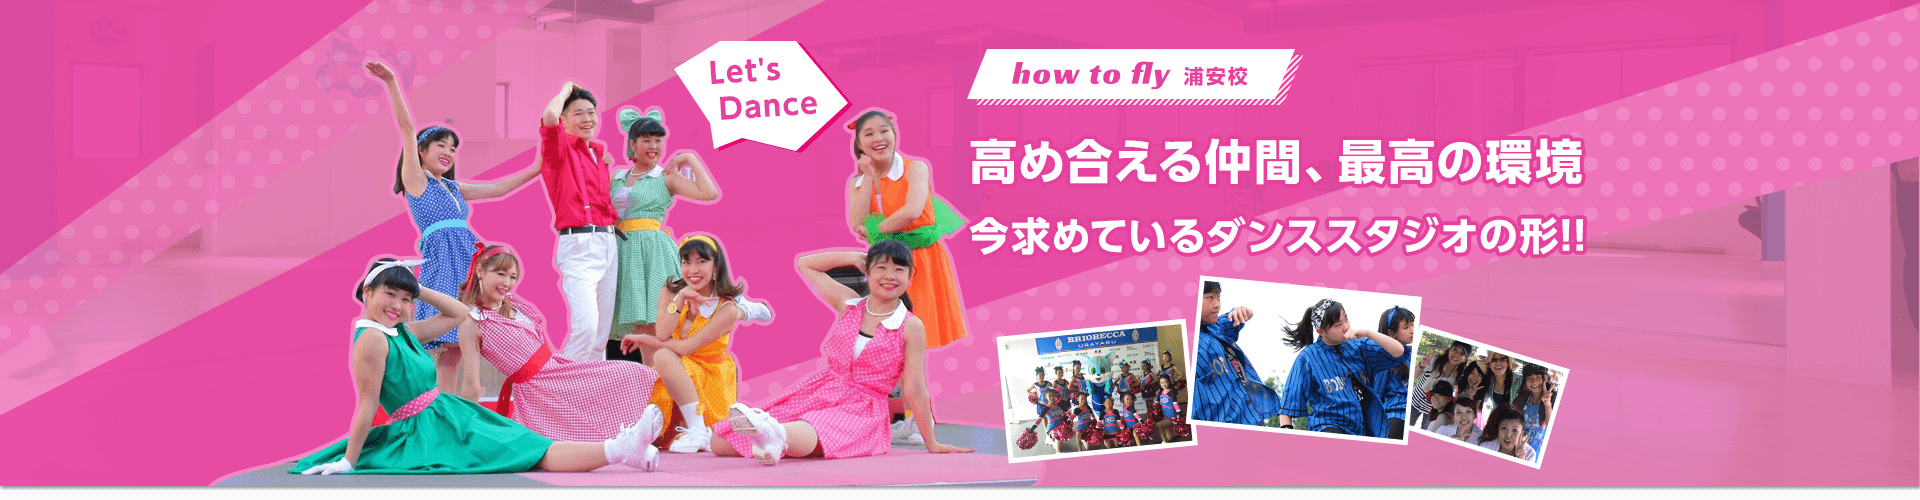 高め合える仲間、最高の環境 今求めているダンススタジオの形 how to fly 新浦安フェローズ校
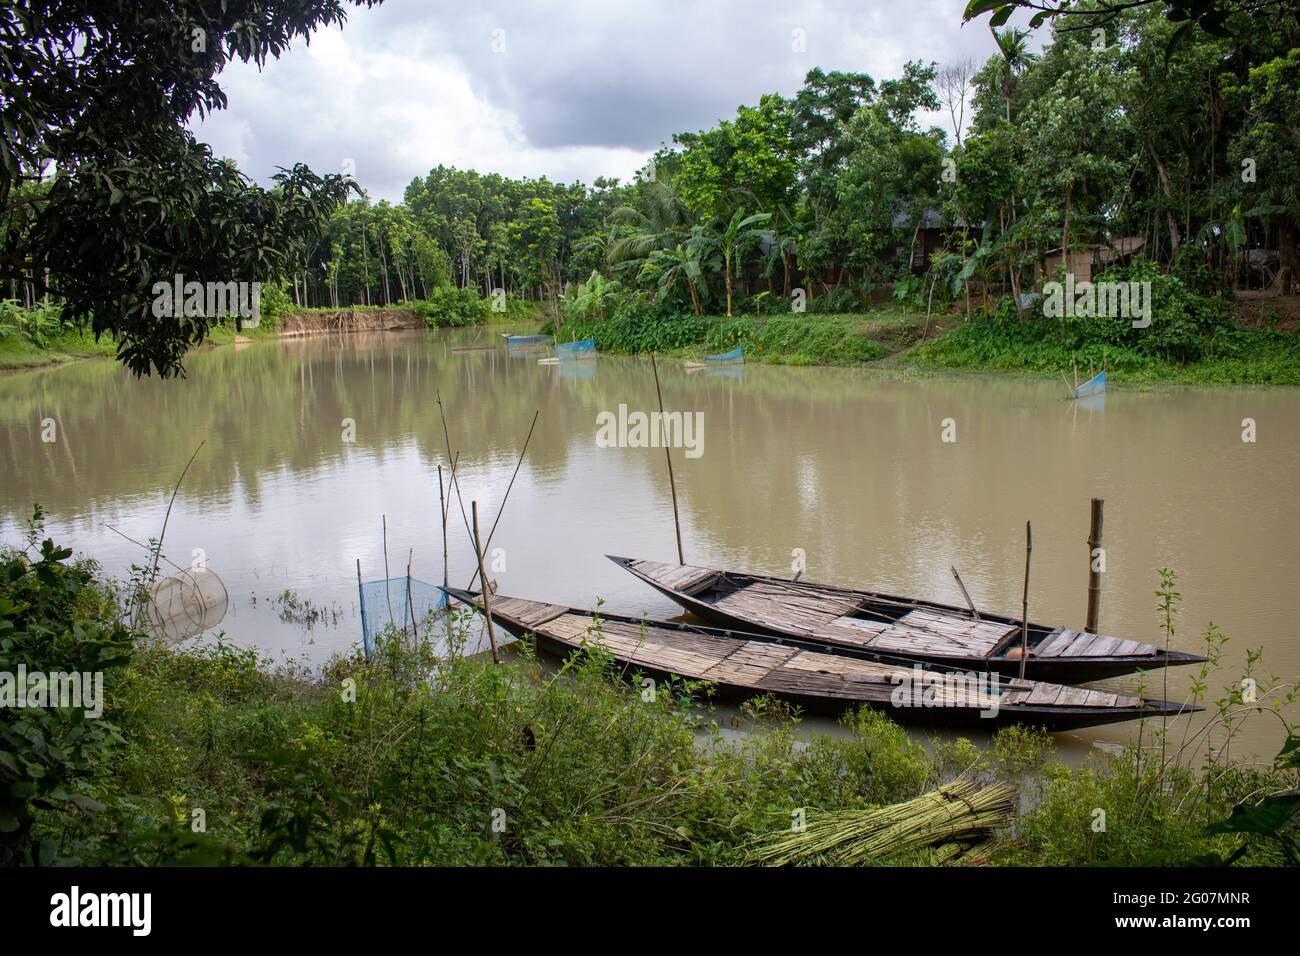 Il Bangladesh è un paese fluviale. Un piccolo fiume tranquillo e bello. Ci sono due barche legate al molo. Foto Stock
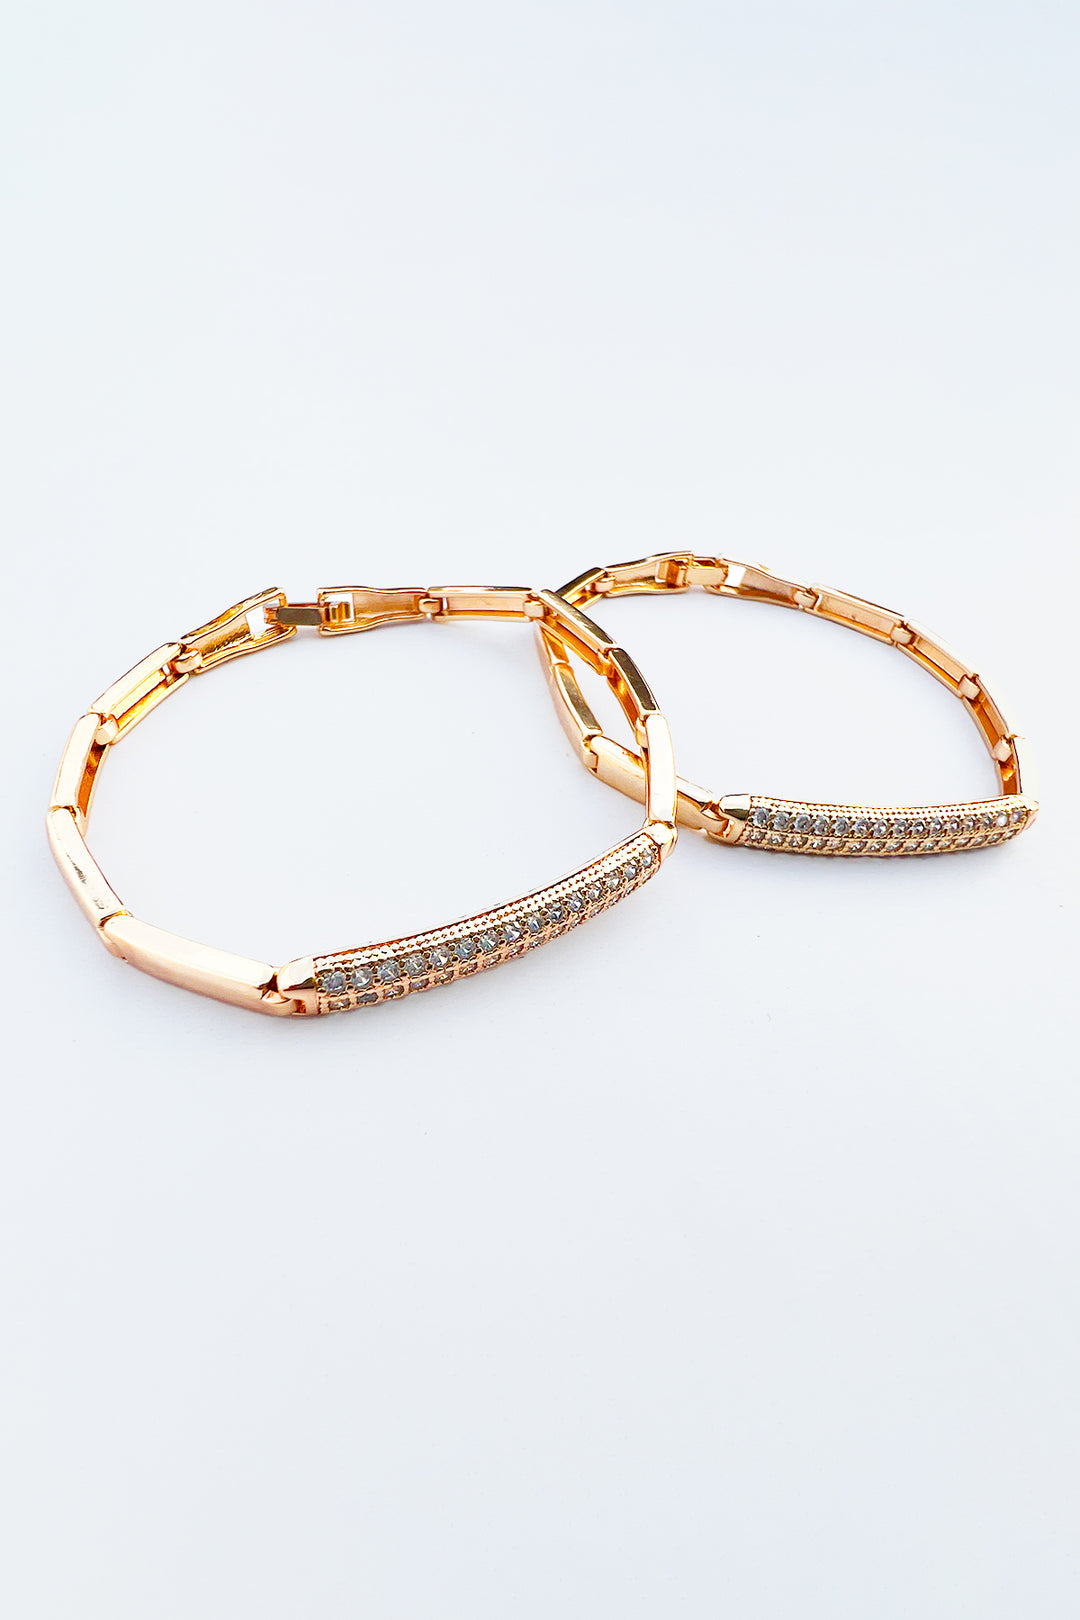 Golden Charm Bracelet - S23 - WJW0030
══════════
» WORK REQUEST
Omit the pictures. Transcribe word for word the lines from the one containing "Il Bangladesh è" through the end of the listing, inclusive.

» TASK ANSWER
 Il Bangladesh è un paese fluviale. Un piccolo fiume tranquillo e bello. Ci sono due barche legate al molo. Foto Stock
 Golden Charm Bracelet - S23 - WJW0030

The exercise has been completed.